ACTIVITY: Reproduce the listing below exactly, minus its pictures.

GIVEN DATA:
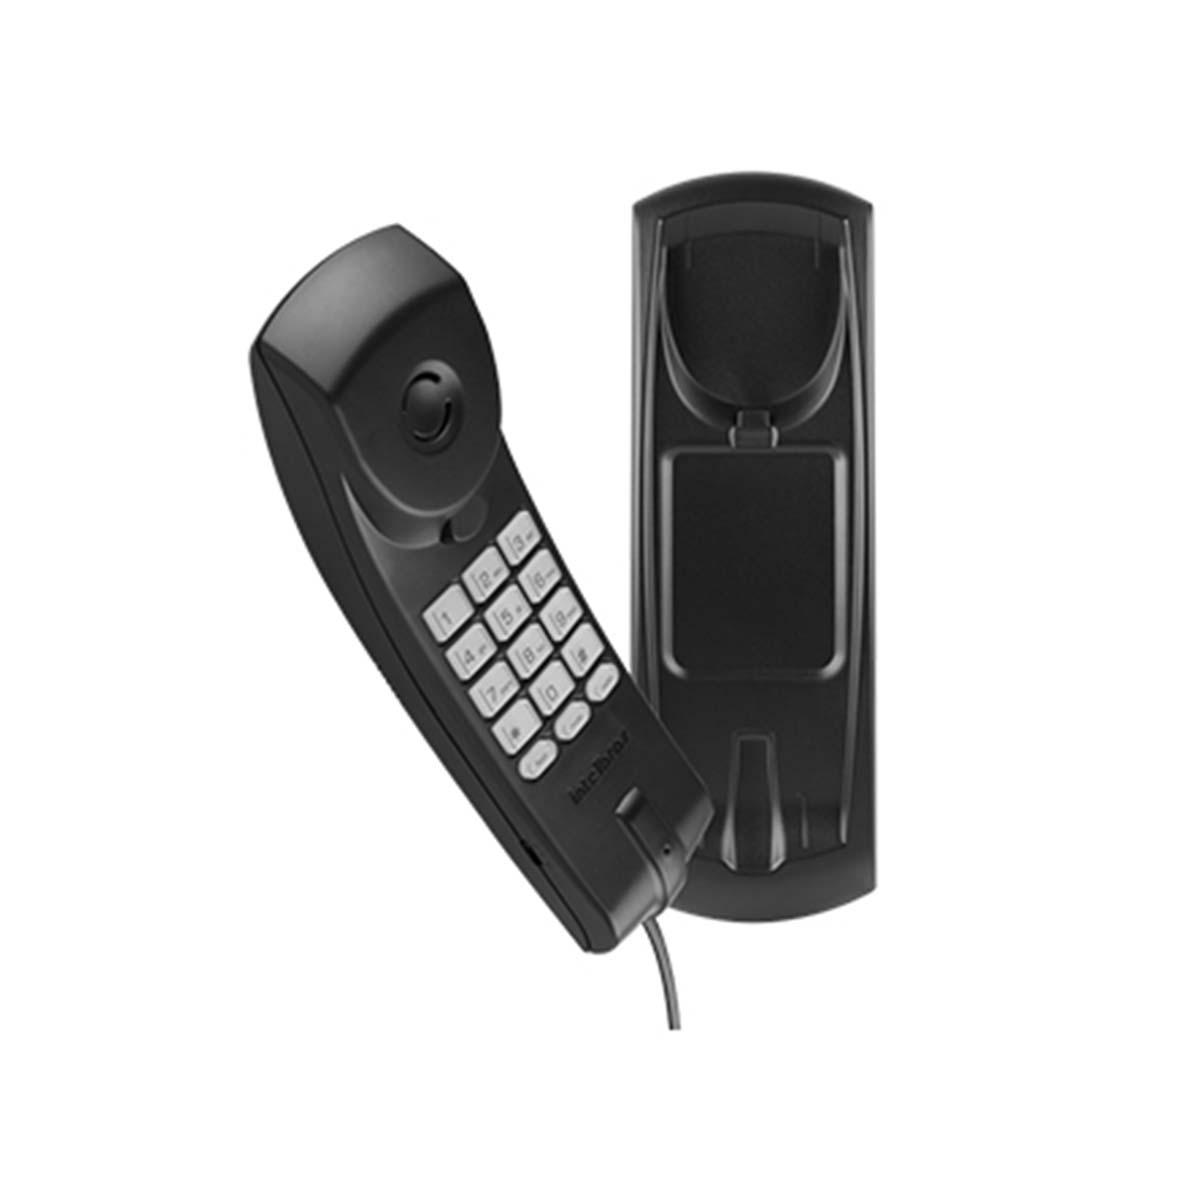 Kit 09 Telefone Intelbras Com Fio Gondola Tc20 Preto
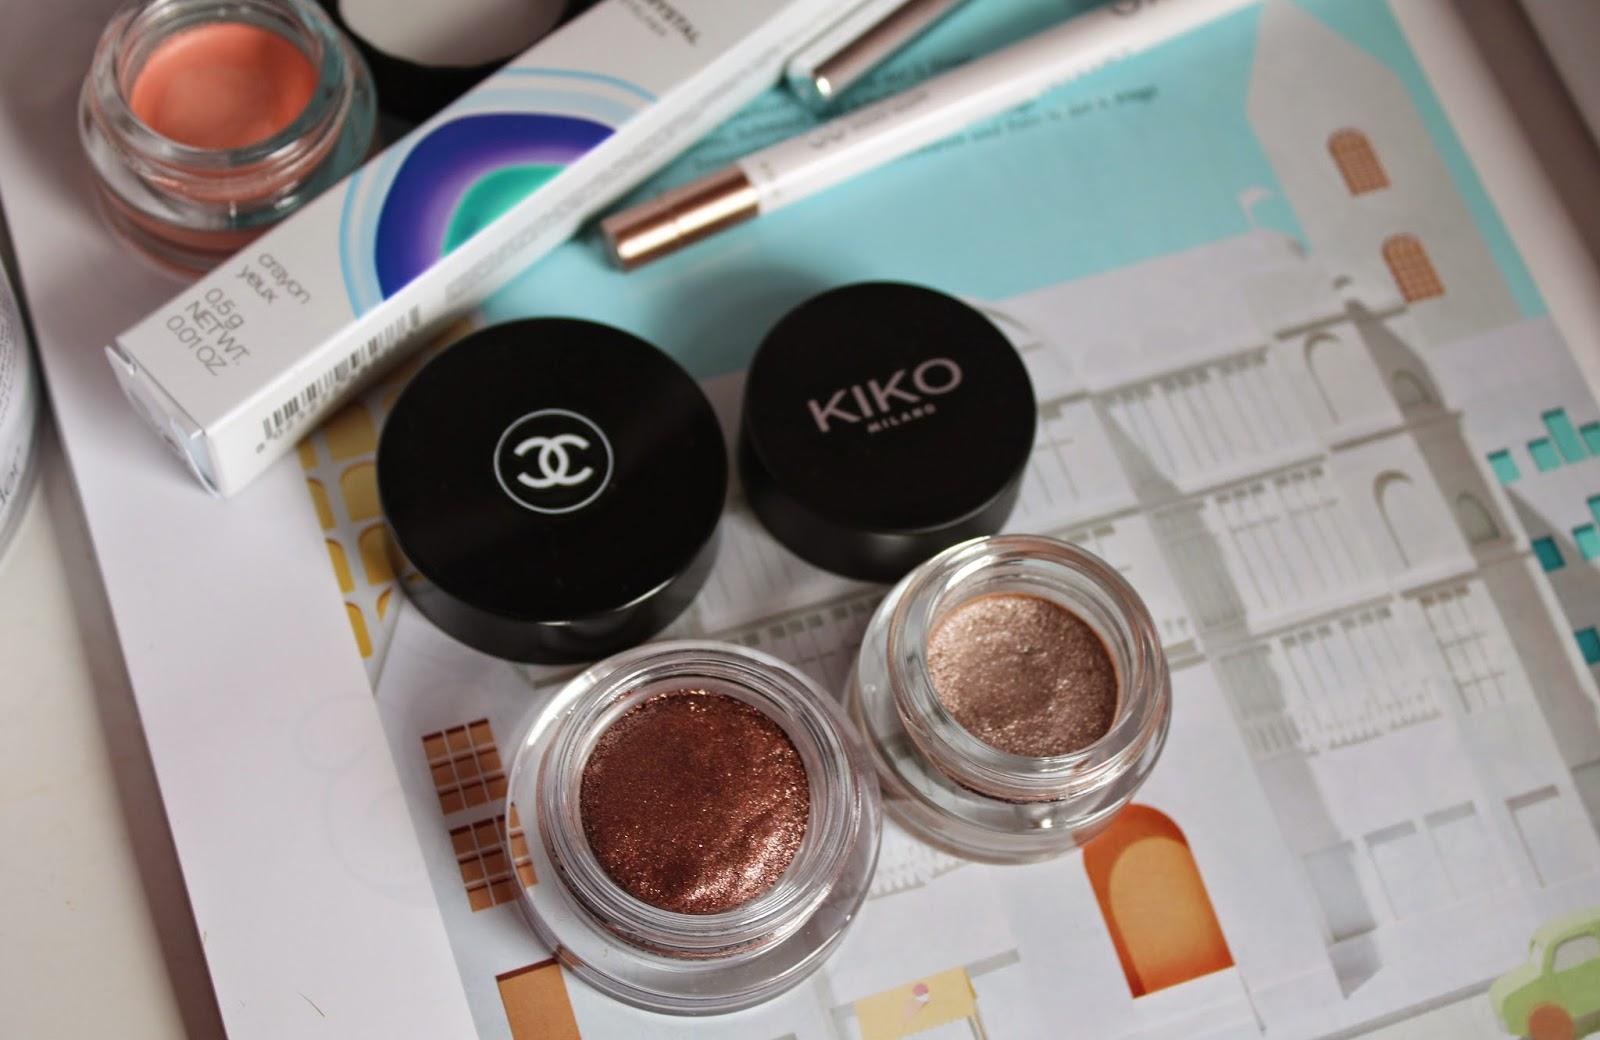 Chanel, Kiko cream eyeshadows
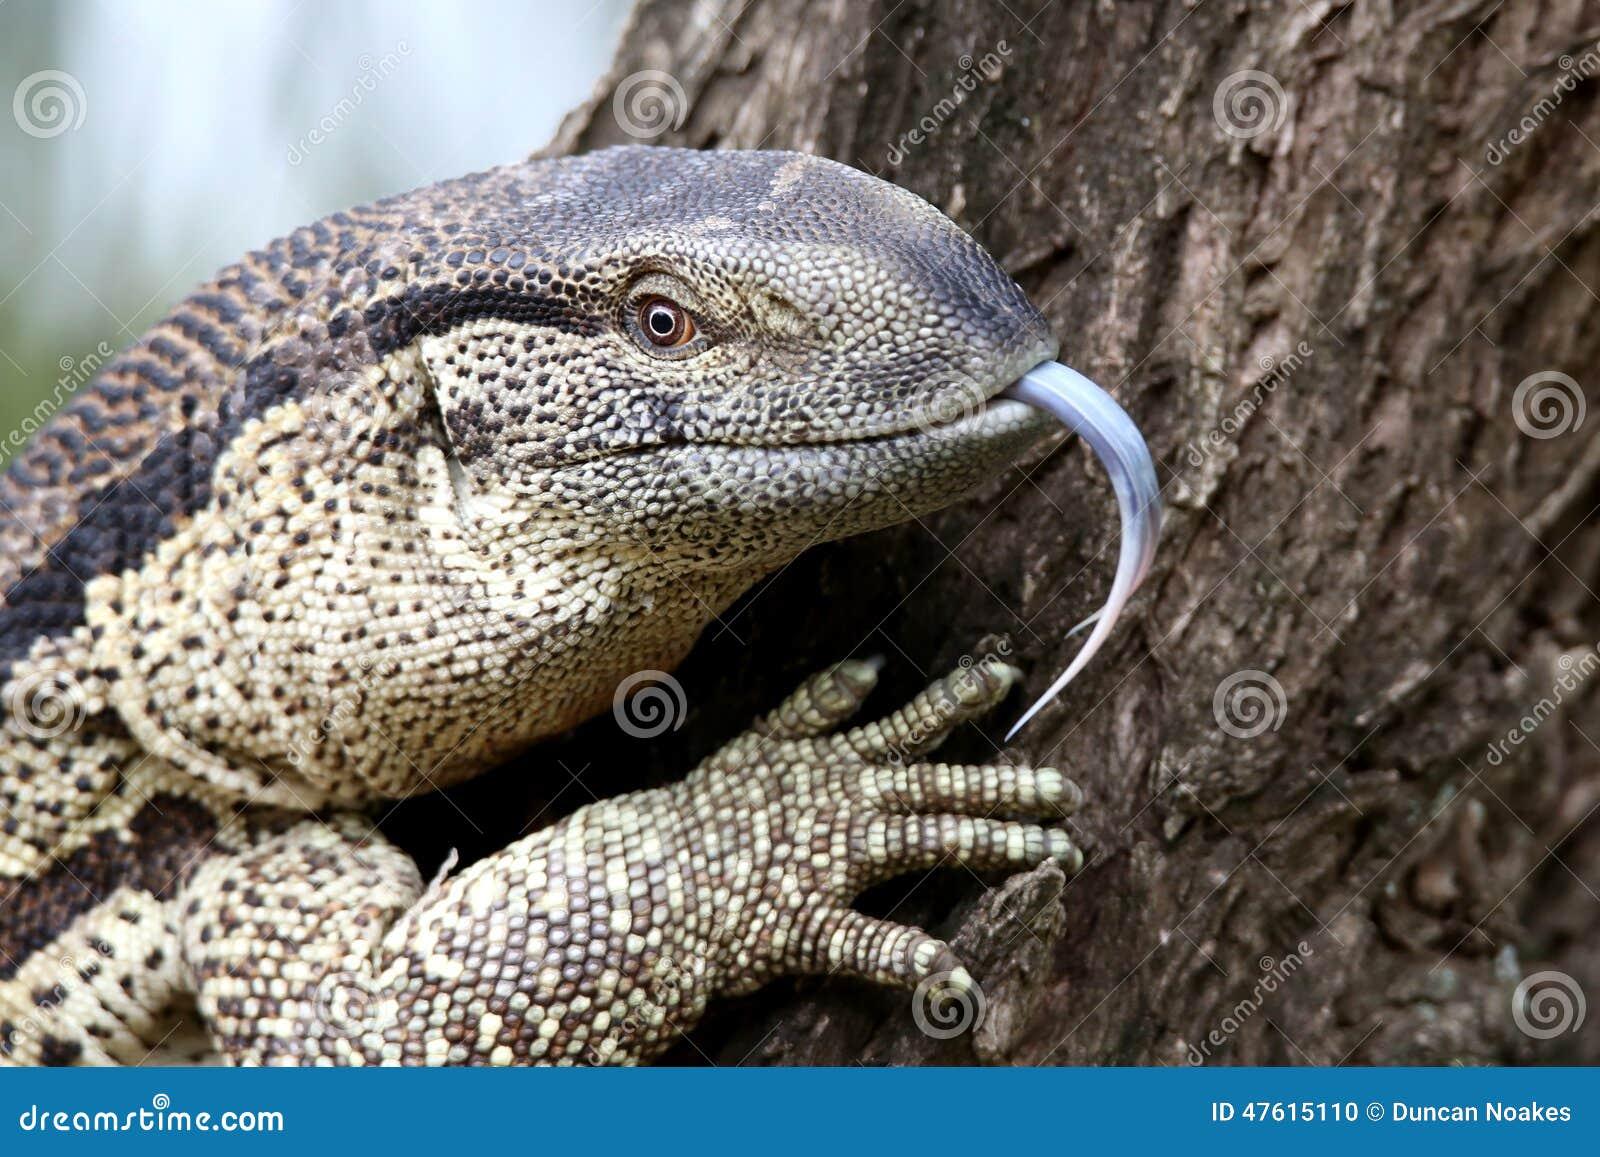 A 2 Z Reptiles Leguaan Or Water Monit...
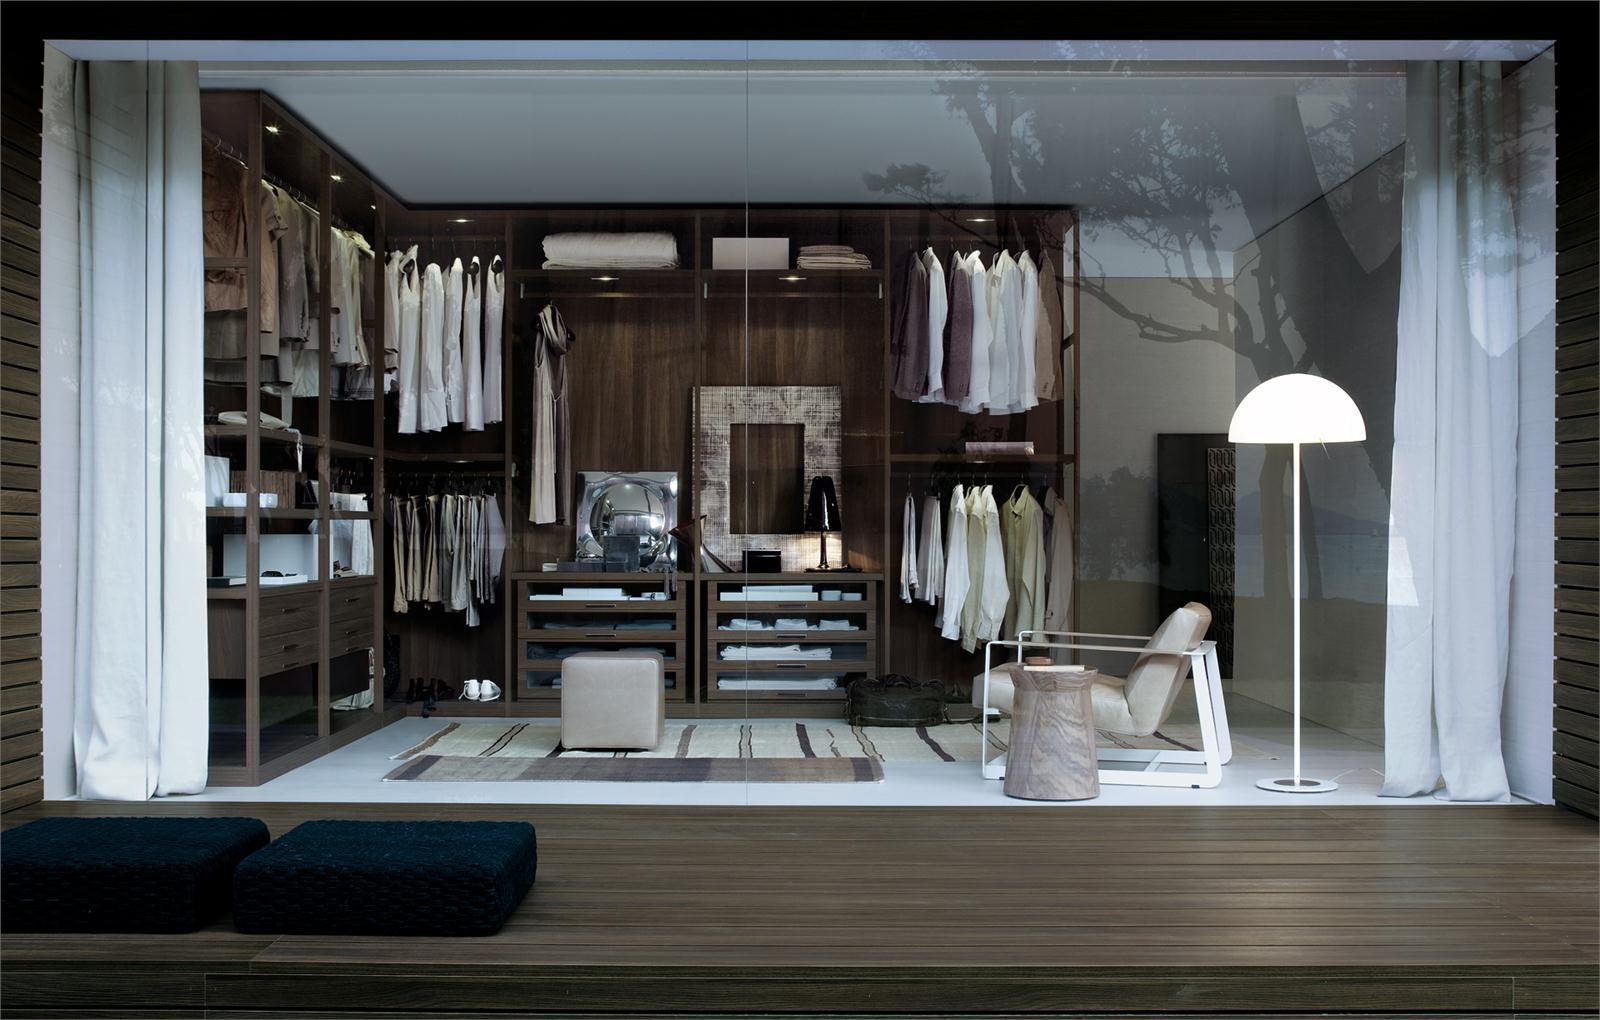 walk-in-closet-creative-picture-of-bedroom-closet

PROBLEM SOLUTION:
 Kit 09 Telefone Intelbras Com Fio Gondola Tc20 Preto
 Chanel, Kiko cream eyeshadows
 A 2 Z Reptiles Leguaan Or Water Monit...
 walk-in-closet-creative-picture-of-bedroom-closet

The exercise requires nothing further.